Coach Di Carlo ha dovuto fare a meno di Engin Atsur, rientrato in Sicilia per seguire un programma di lavoro individuale e di Mirza Alibegovic, che ha avuto un permesso dalla società per ragioni personali. Nel corso della gara, inoltre, si è dovuto gestire un problema fisico per Mario Delas, che non ha giocato la seconda metà di gara.

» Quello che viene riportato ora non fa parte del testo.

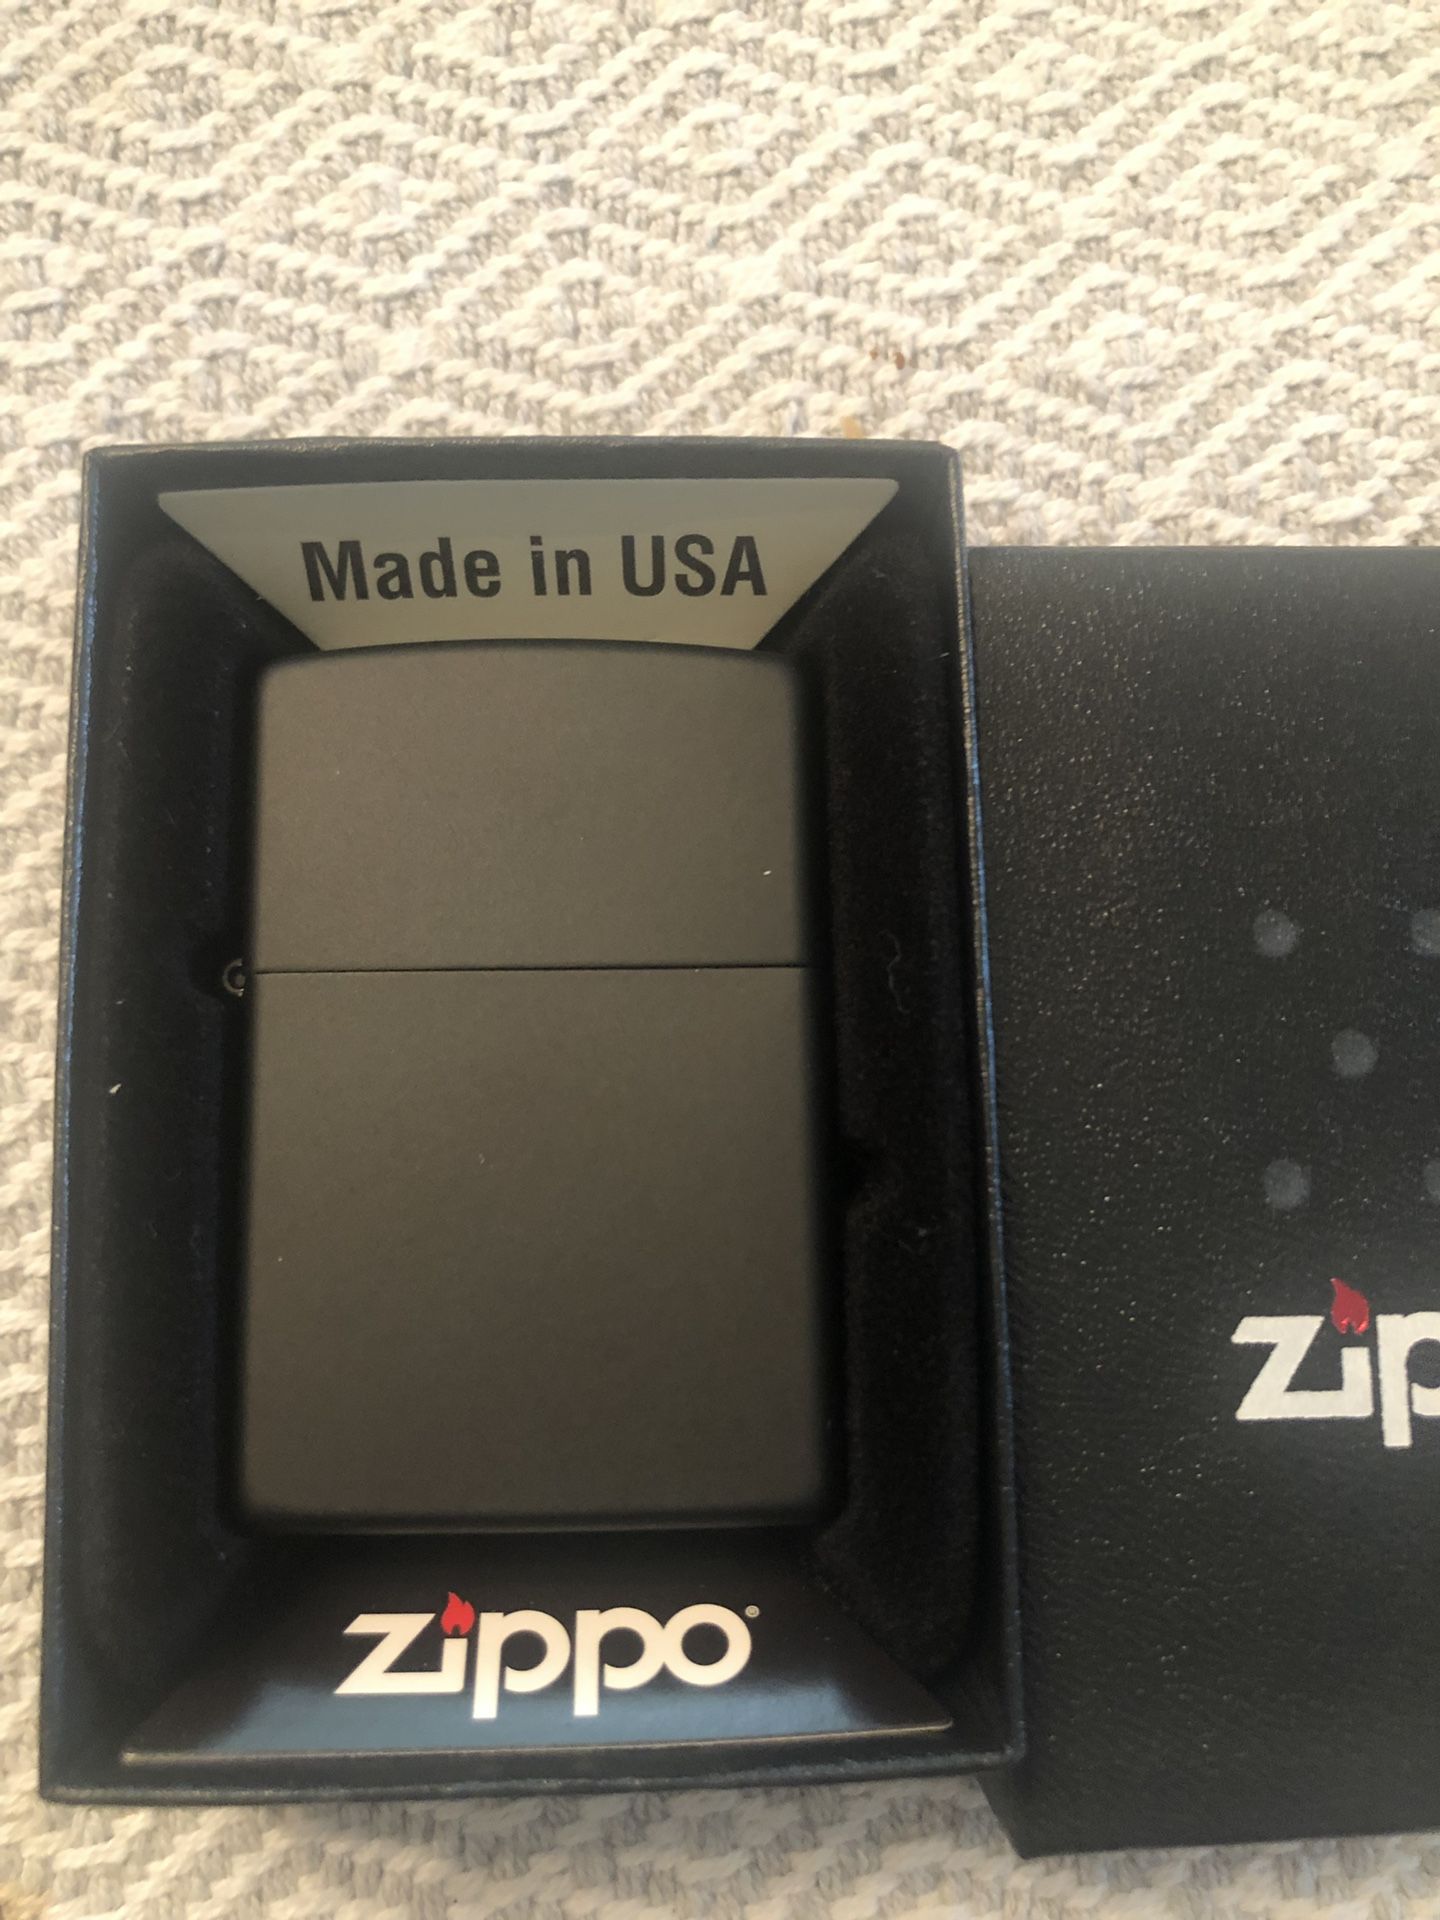 Zippo lighter - brand new black matte

I lituani, in piena corsa per il terzo posto nel girone, hanno approcciato la gara con grande aggressività, mentre coach Gennaro Di Carlo ha dato spazio a tanti giovani, inclusi 6 minuti per l’orlandino Giorgio Galipò.

Per la SikeliArchivi era una gara che non aveva molto da dire in termini di classifica. L’attenzione è già da ora puntata sulla gara di domenica alle 18 al PalaSikeliArchivi contro la Segafredo Virtus Bologna: una sfida affascinante per il blasone dell’avversario, ma soprattutto estremamente importante per il peso specifico che in questo momento ha ogni partita, vista la classifica decisamente corta.

Coach Gennaro Di Carlo commenta così al termine della gara di Klaipeda: “Stasera per noi era una partita difficile, al di là del valore degli avversari dovevamo gestire una rotazione ridotta. Dopo un inizio di partita in cui abbiamo subito l’assalto del Neptunas la squadra ha iniziato a reagire e a giocare. Sono molto più contento della seconda metà di gara, in cui la squadra ha mostrato capacità di giocare assieme, letture di gioco, difesa di squadra. La reazione di stasera è quello che voglio prendere di buono da questa gara. Abbiamo da registrare un problema fisico per Mario Delas, che valuteremo domani, quando torneremo a Capo d’Orlando e bisognerà recuperare energie e forze per affrontare domenica Bologna nelle migliori condizioni possibili. Sono contento stasera della prestazione di Ihring, della reazione di Stojanovic che dimostra piccoli, ma costanti miglioramenti, e del piglio di Kulboka, spinto probabilmente dalla voglia di dimostrare il suo valore nella sua terra”.